**EXERCISE DATA**
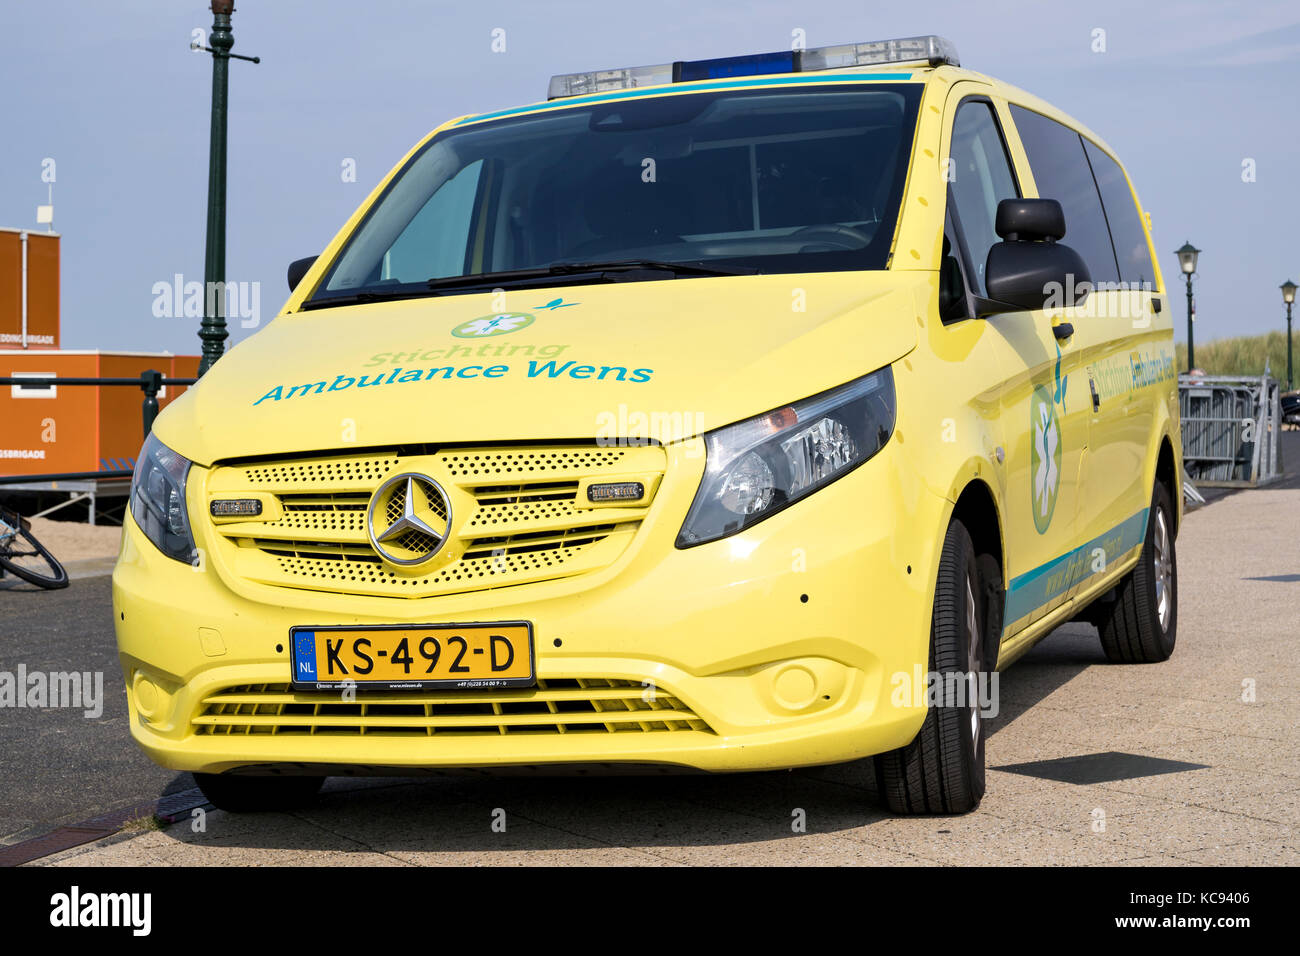 Ambulance van Der stichting Krankenwagen wens (letzter Wunsch Stiftung) am Boulevard von Scheveningen, Niederlande Stockfoto
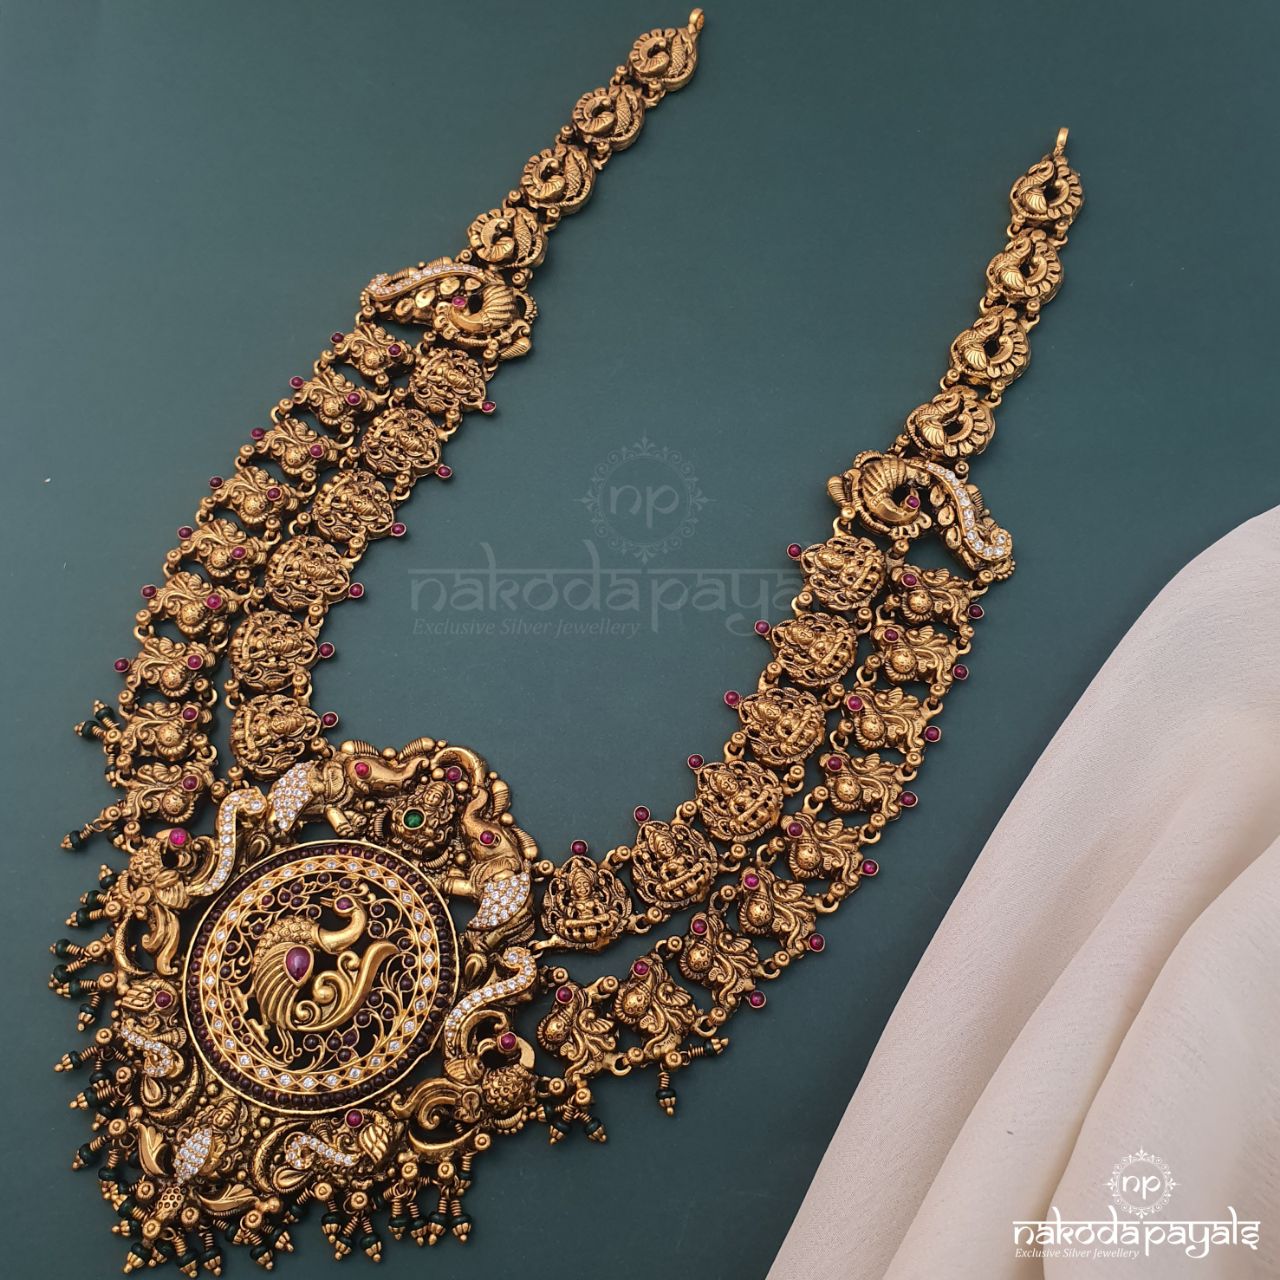 Grand Wide Lakshmi Peacock Neckpiece
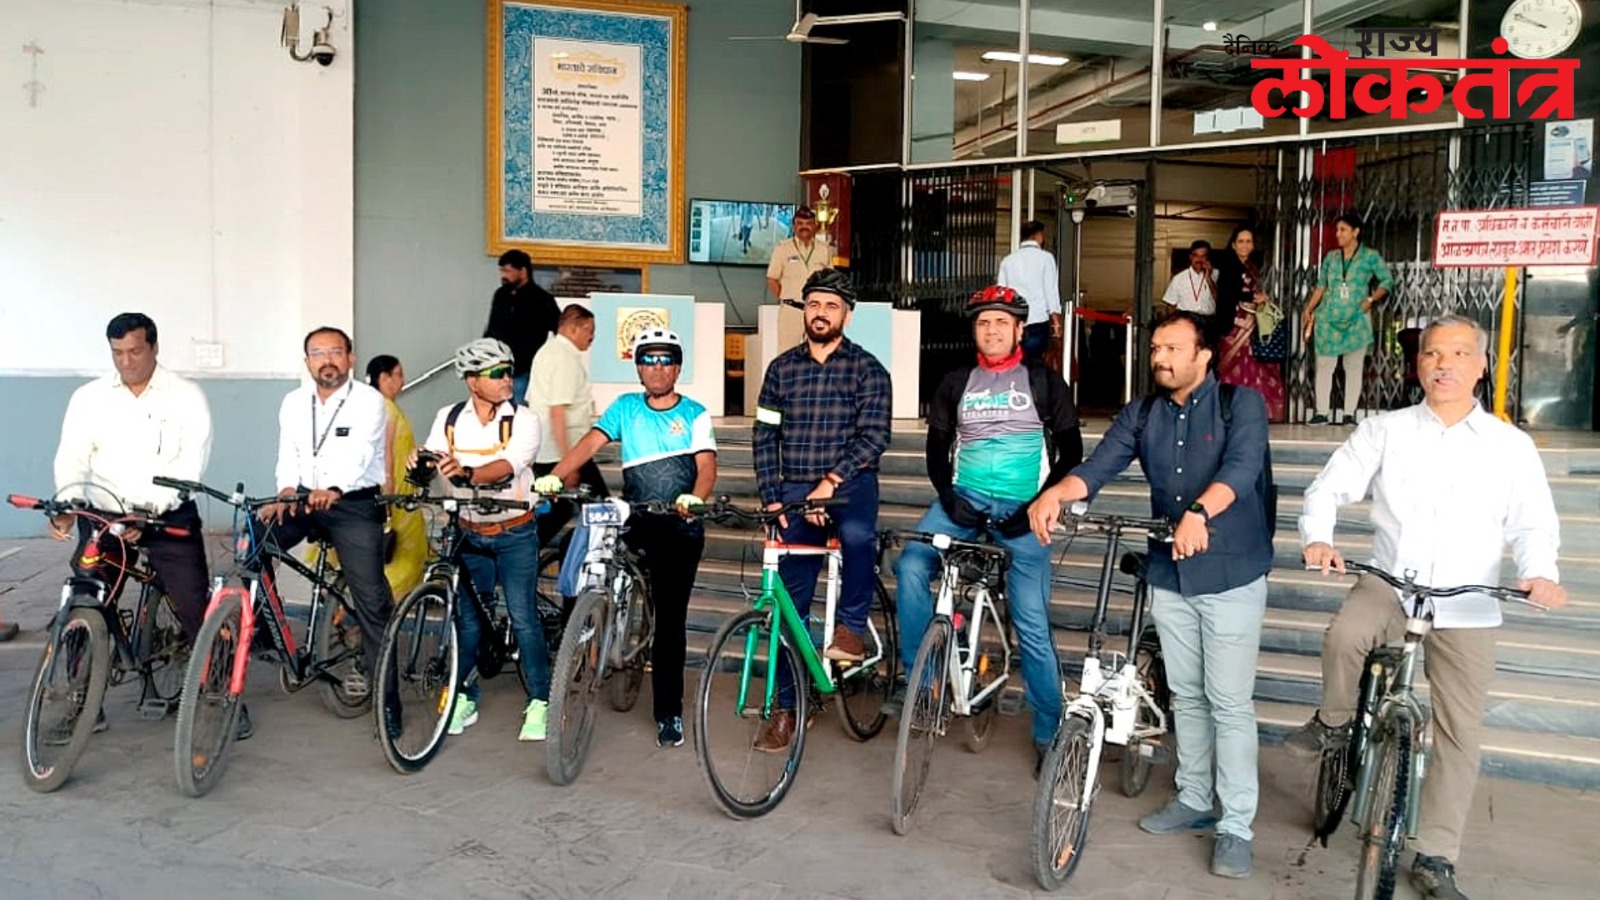 पिंपरी चिंचवड महापालिकेच्या ‘’सायकल टू वर्क थर्सडे’’ या उपक्रमाचा आज शुभारंभ
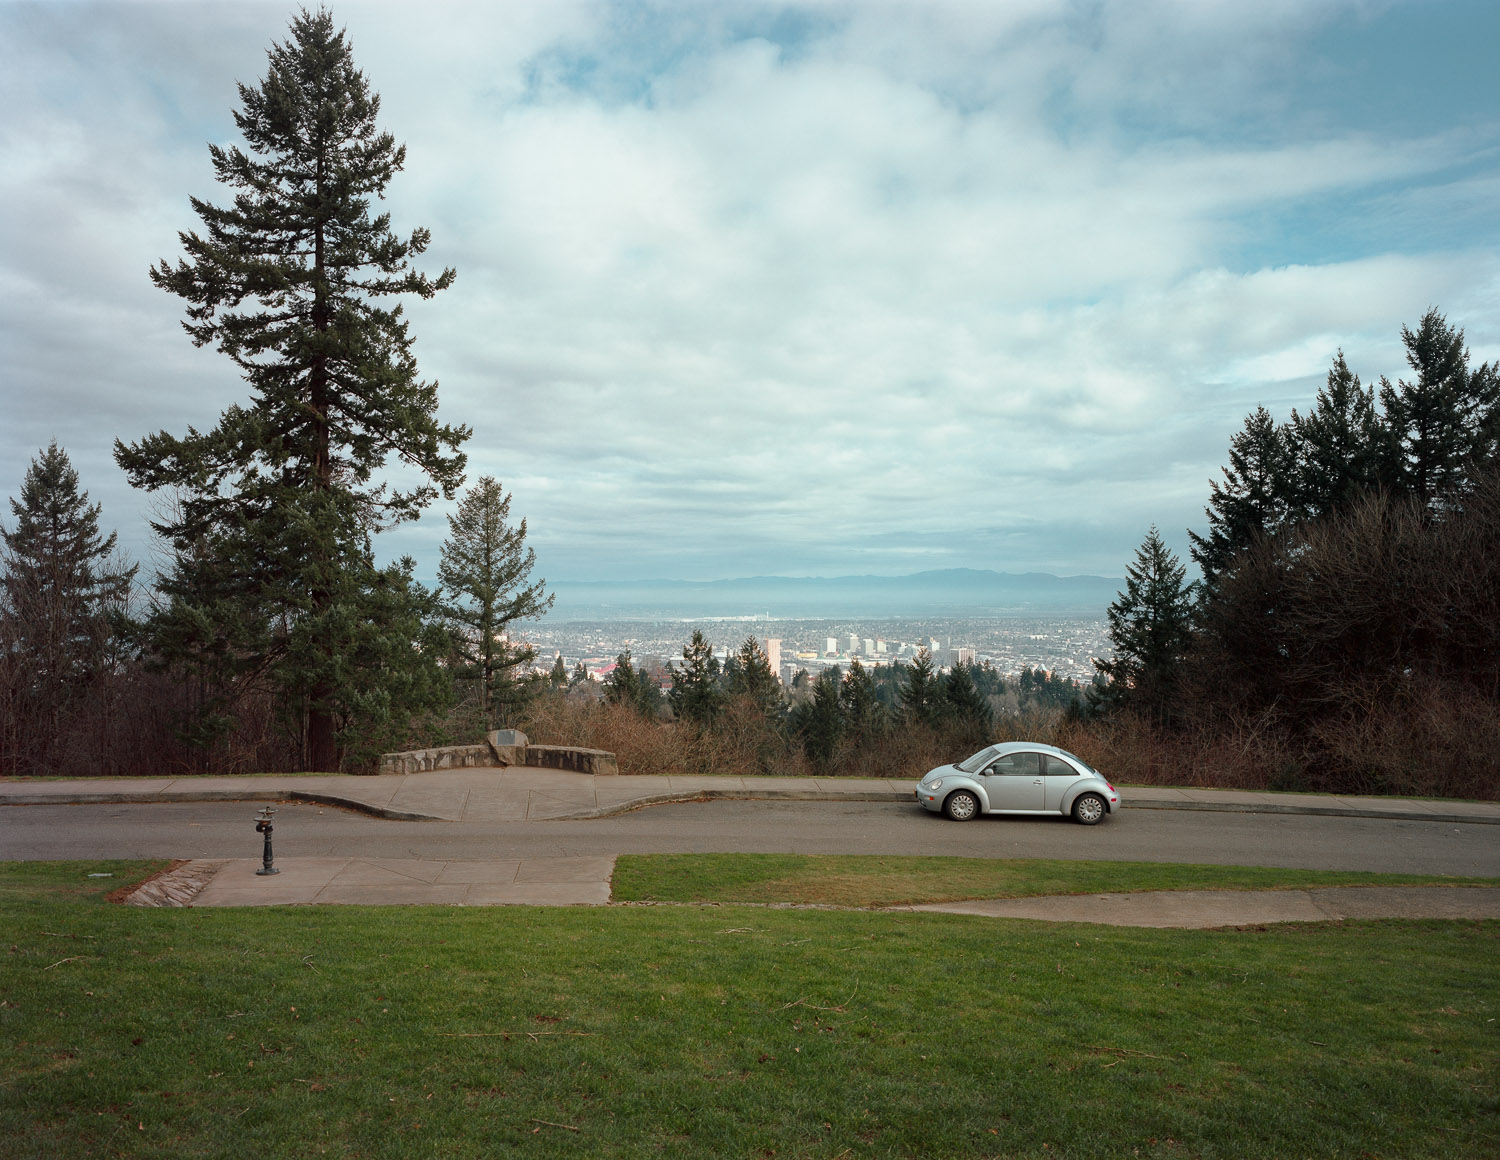  Vista point, Council Crest Park, Portland, Oregon, 2015

**WHAT YOU ARE ASKED TO DO**
Print the data above in full and exactly as it appears, skipping the pictures.

**ANSWER SPACE**
 Ambulance van Der stichting Krankenwagen wens (letzter Wunsch Stiftung) am Boulevard von Scheveningen, Niederlande Stockfoto
 Grand Wide Lakshmi Peacock Neckpiece
 पिंपरी चिंचवड महापालिकेच्या ‘’सायकल टू वर्क थर्सडे’’ या उपक्रमाचा आज शुभारंभ
  Vista point, Council Crest Park, Portland, Oregon, 2015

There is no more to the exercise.